# The Big Green Egg Table



## CLKELLEY78 (Feb 12, 2008)

Does anyone have a Big Green Egg that they built a custom table for and can share a picture? I got the XL Egg back on X-Mas and have yet to use it because I don't have an idea for a table yet.


----------



## texwake (Aug 17, 2010)

I know its kindda hipster but you can get on pinterest and find tons of ideas on there, some with actual plans.


----------



## GT11 (Jan 1, 2013)

I am building mine in to my countertop in my outdoor kitchen. The thread is a few below this one. I am still waiting on granite but you can see the base I built. You just need a 1" air gap around the cooker and on mine, the height from the base where it sits to the counter top will be 11.5". I have the Primo so you will want to verify the height on yours. You do this by opening the lid and measuring from the bottom of the unit to the lowest point of the hinge.


----------



## mas360 (Nov 21, 2006)

Here is the site to check on green egg table.

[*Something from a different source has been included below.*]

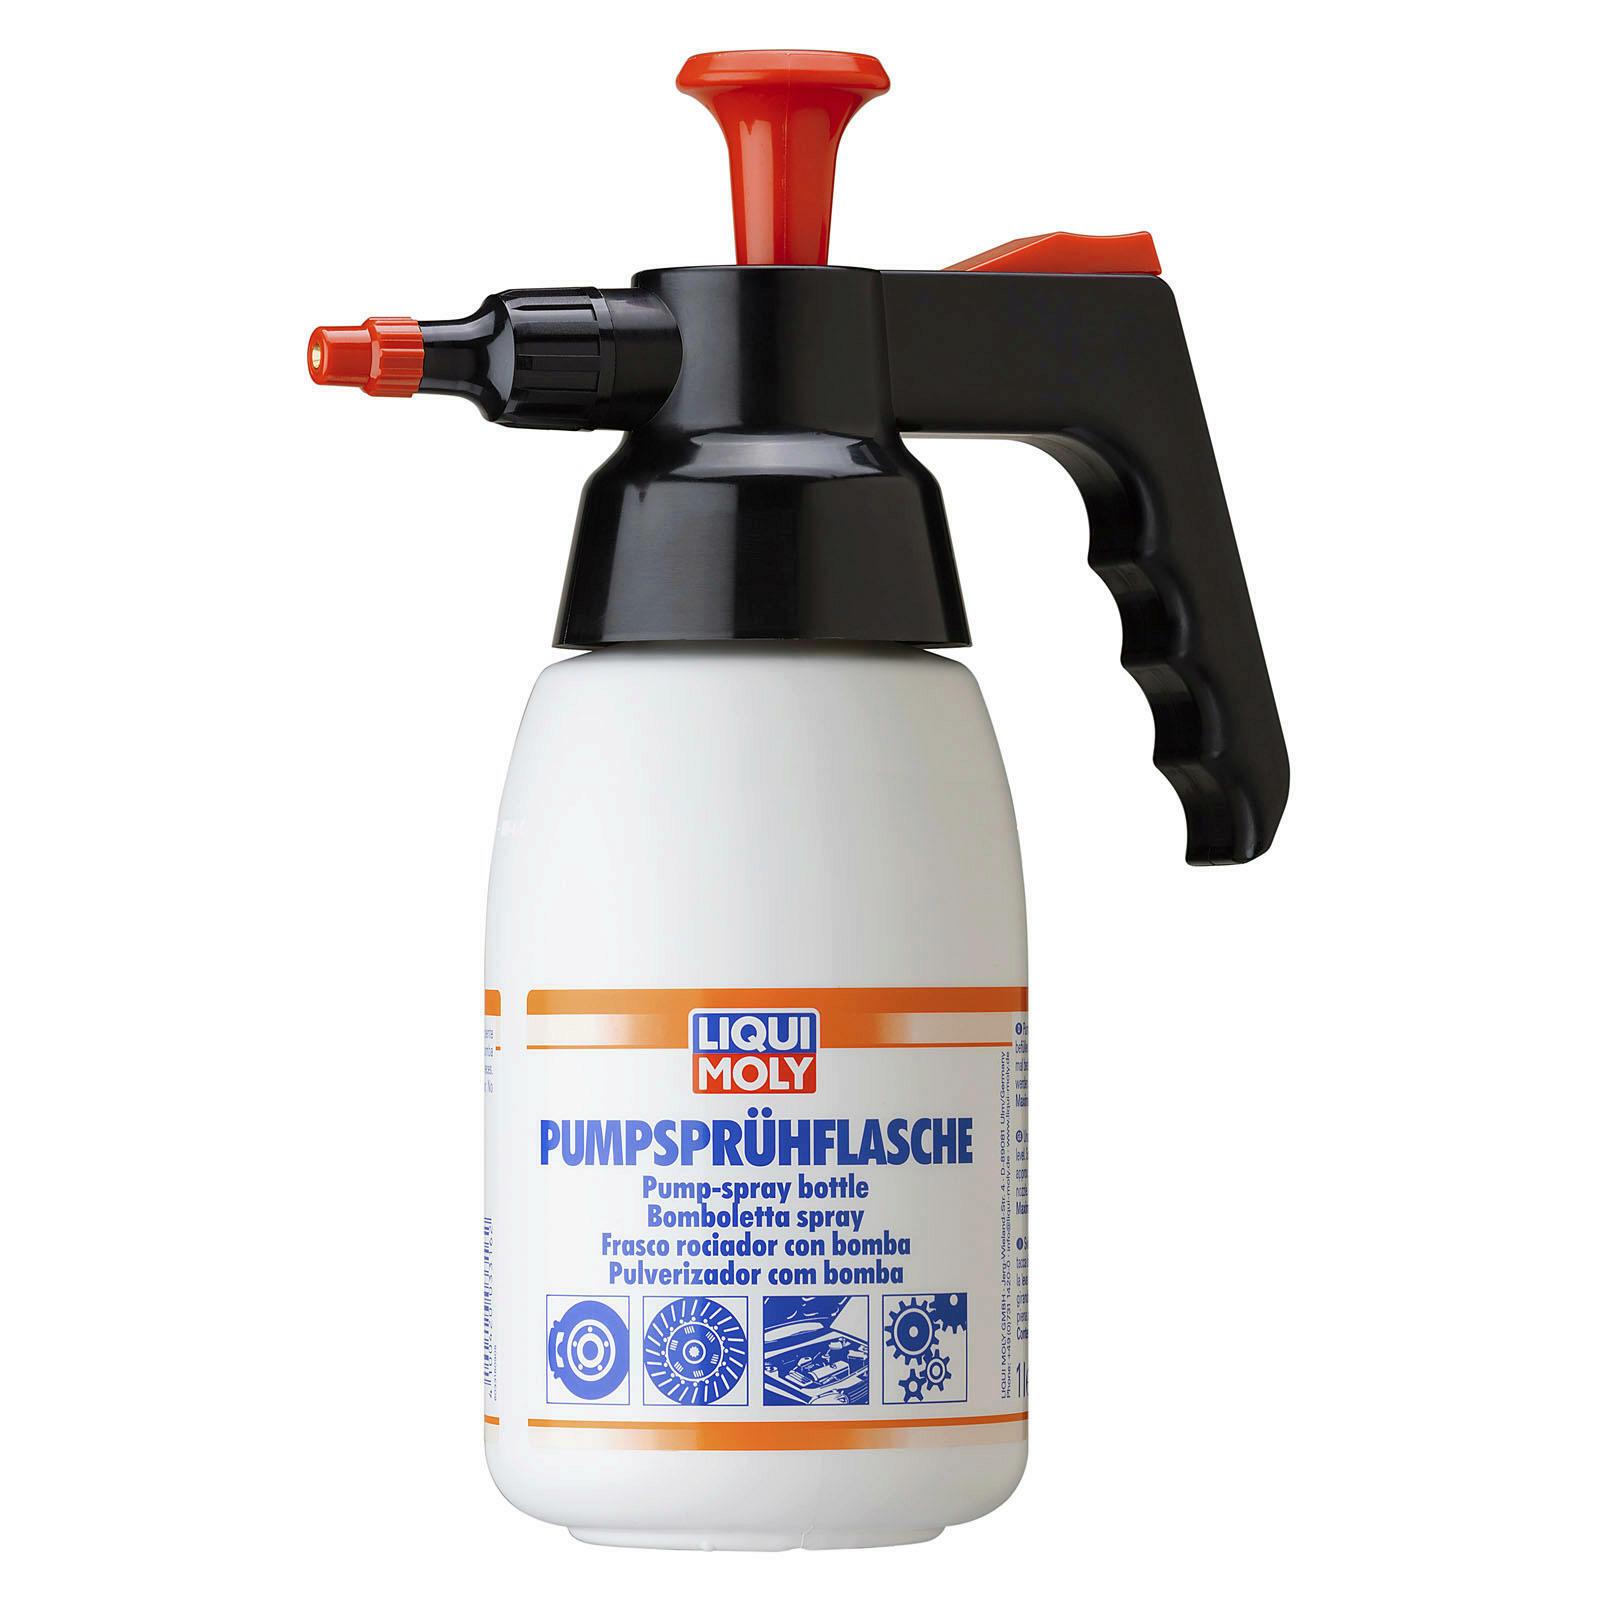 Liqui Moly Pumpsprühflasche 1l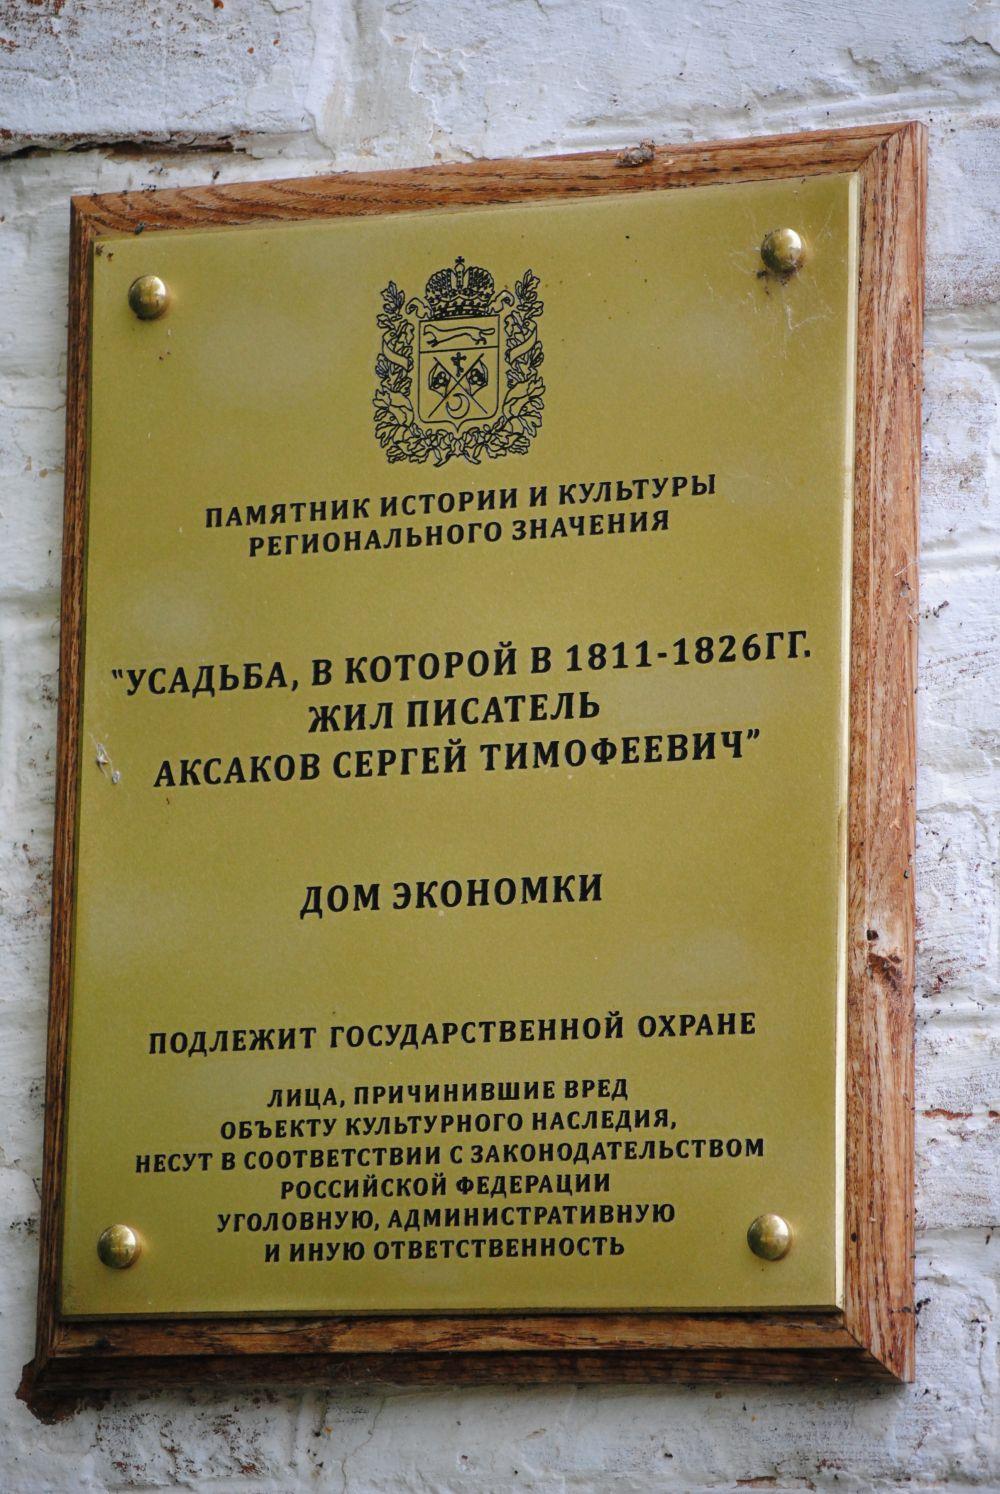 Табличка о сохранении памятника архитектуры висит на разрушающемся здании.

http://www.nakedwhiz.com/TableGallery/tables.htm?I23


----------



## ShalloWateReds (May 27, 2009)

mas360 said:


> Here is the site to check on green egg table.
> 
> http://www.nakedwhiz.com/TableGallery/tables.htm?I23


Wow. If you can't find some good ideas on those 29 pages, you aren't trying! Thanks for sharing.


----------



## DGAustin (Jun 5, 2005)

Built this table for my son-in-law. It sits on a piece of ceramic tile.


----------



## fishingcacher (Mar 29, 2008)

https://www.google.com/search?q=big...ved=0CAcQ_AUoAmoVChMItfyJ2vH6xgIVhDOICh1zRAi4


----------